►

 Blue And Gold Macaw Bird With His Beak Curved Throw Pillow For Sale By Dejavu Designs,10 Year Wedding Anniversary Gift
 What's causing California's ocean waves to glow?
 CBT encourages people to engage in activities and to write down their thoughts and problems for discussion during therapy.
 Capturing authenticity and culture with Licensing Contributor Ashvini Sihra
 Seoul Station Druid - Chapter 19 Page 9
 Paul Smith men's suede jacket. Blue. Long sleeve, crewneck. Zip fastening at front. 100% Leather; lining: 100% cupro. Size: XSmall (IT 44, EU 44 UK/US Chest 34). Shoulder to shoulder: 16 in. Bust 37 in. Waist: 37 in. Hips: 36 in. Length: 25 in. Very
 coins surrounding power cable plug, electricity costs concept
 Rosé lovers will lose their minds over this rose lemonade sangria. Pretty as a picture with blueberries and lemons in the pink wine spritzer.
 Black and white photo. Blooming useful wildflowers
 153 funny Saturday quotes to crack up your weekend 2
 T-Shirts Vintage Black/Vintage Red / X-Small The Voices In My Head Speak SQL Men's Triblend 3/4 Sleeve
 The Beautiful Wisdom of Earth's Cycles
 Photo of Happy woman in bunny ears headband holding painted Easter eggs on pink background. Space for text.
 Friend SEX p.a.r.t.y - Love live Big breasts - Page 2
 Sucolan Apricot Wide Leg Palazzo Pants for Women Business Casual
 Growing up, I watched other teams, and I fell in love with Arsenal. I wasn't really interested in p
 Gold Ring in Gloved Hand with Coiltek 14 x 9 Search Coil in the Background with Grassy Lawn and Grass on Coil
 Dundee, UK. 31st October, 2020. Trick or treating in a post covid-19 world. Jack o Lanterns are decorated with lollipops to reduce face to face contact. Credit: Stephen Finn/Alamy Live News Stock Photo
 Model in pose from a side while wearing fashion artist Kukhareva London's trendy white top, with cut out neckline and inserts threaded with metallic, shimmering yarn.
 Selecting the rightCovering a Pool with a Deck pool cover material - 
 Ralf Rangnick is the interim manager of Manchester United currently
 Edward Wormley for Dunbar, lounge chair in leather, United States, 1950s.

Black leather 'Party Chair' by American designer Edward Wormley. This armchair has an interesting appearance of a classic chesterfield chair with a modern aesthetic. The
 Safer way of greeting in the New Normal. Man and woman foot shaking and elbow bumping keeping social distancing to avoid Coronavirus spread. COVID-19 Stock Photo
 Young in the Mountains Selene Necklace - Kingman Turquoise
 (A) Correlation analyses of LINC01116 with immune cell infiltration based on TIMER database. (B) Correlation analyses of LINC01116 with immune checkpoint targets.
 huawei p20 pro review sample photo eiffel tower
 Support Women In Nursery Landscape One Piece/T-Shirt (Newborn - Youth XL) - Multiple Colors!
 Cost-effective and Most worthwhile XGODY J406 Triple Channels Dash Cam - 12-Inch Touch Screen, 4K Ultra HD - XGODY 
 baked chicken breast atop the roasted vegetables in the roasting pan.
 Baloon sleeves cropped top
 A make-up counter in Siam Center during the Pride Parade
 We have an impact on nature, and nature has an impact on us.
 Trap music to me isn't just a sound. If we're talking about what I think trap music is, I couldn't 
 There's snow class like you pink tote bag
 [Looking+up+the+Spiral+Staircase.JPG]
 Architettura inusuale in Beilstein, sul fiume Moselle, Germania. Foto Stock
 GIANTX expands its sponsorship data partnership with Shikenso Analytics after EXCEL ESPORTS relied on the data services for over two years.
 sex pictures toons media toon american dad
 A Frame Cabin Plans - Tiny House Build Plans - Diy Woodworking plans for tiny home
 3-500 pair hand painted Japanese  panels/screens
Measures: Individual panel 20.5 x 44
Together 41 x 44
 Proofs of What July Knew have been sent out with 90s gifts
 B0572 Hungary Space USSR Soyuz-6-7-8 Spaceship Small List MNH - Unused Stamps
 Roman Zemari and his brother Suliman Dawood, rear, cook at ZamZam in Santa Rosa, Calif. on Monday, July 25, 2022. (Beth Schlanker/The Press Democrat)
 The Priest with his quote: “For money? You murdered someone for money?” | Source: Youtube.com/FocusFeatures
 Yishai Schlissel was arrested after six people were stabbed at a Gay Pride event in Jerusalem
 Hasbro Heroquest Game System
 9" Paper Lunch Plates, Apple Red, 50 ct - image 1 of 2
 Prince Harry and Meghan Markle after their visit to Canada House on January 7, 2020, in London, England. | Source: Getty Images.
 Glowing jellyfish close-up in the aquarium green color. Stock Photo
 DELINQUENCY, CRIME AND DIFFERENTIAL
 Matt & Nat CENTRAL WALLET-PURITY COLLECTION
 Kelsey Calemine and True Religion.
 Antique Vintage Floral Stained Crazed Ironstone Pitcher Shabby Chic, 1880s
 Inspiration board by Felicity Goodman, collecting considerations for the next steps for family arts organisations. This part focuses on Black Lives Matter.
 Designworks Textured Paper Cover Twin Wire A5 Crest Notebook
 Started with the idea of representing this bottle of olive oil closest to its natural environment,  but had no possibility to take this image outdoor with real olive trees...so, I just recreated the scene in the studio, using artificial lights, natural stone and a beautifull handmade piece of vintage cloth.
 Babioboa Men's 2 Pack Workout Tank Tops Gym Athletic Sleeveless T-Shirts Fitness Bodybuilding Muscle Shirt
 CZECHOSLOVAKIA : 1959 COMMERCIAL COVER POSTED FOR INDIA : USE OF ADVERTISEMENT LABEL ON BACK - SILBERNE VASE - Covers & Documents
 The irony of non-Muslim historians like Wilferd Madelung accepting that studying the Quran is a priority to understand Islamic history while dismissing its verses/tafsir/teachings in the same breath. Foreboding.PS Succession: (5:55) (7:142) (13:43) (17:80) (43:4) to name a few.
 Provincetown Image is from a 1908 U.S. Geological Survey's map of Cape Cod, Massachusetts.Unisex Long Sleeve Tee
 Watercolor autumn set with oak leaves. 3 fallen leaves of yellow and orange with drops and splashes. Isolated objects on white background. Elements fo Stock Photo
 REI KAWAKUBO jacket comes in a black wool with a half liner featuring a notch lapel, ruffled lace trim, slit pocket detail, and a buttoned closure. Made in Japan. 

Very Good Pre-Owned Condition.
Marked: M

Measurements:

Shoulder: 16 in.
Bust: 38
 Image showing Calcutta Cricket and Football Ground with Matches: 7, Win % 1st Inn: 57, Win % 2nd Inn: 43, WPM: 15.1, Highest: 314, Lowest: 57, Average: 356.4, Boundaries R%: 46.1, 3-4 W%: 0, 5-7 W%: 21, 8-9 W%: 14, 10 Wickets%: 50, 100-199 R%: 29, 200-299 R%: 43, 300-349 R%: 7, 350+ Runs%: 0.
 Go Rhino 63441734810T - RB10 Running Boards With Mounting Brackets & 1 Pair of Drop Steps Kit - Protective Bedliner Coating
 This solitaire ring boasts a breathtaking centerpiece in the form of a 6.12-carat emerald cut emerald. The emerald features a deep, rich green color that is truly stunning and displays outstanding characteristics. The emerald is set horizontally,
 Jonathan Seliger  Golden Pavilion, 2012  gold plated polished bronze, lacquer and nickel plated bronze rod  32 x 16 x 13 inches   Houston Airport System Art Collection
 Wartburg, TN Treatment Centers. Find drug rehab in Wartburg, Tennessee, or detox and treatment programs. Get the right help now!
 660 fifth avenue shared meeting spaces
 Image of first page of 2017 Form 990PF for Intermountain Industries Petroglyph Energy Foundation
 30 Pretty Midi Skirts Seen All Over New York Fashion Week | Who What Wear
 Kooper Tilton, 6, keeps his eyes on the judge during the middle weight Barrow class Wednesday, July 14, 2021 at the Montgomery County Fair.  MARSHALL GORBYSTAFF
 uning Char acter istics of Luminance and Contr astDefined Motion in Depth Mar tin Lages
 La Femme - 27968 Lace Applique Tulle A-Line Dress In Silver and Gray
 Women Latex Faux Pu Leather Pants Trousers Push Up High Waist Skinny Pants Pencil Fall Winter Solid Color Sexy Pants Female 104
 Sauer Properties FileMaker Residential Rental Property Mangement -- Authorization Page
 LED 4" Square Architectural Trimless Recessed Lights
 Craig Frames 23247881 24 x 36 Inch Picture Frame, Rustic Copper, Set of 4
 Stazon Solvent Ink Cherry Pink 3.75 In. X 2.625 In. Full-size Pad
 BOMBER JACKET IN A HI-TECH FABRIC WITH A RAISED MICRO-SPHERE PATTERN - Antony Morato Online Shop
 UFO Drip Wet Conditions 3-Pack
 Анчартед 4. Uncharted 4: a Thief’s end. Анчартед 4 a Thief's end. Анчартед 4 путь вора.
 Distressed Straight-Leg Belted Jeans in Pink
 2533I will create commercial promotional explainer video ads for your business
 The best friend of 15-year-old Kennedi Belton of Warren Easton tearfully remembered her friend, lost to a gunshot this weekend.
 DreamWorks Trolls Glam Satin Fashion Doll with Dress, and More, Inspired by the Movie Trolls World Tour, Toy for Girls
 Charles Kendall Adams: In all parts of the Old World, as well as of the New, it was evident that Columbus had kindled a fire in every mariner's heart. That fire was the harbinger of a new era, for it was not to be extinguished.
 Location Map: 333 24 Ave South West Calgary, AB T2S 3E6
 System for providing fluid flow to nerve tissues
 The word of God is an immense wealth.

◄

**What you have to do:**
In the material above, locate the line containing "Safer way of" and the line containing "Architettura inusuale in". Transcribe exactly those two lines and every line between them, and nothing more.

**Response to the exercise:**
 Safer way of greeting in the New Normal. Man and woman foot shaking and elbow bumping keeping social distancing to avoid Coronavirus spread. COVID-19 Stock Photo
 Young in the Mountains Selene Necklace - Kingman Turquoise
 (A) Correlation analyses of LINC01116 with immune cell infiltration based on TIMER database. (B) Correlation analyses of LINC01116 with immune checkpoint targets.
 huawei p20 pro review sample photo eiffel tower
 Support Women In Nursery Landscape One Piece/T-Shirt (Newborn - Youth XL) - Multiple Colors!
 Cost-effective and Most worthwhile XGODY J406 Triple Channels Dash Cam - 12-Inch Touch Screen, 4K Ultra HD - XGODY 
 baked chicken breast atop the roasted vegetables in the roasting pan.
 Baloon sleeves cropped top
 A make-up counter in Siam Center during the Pride Parade
 We have an impact on nature, and nature has an impact on us.
 Trap music to me isn't just a sound. If we're talking about what I think trap music is, I couldn't 
 There's snow class like you pink tote bag
 [Looking+up+the+Spiral+Staircase.JPG]
 Architettura inusuale in Beilstein, sul fiume Moselle, Germania. Foto Stock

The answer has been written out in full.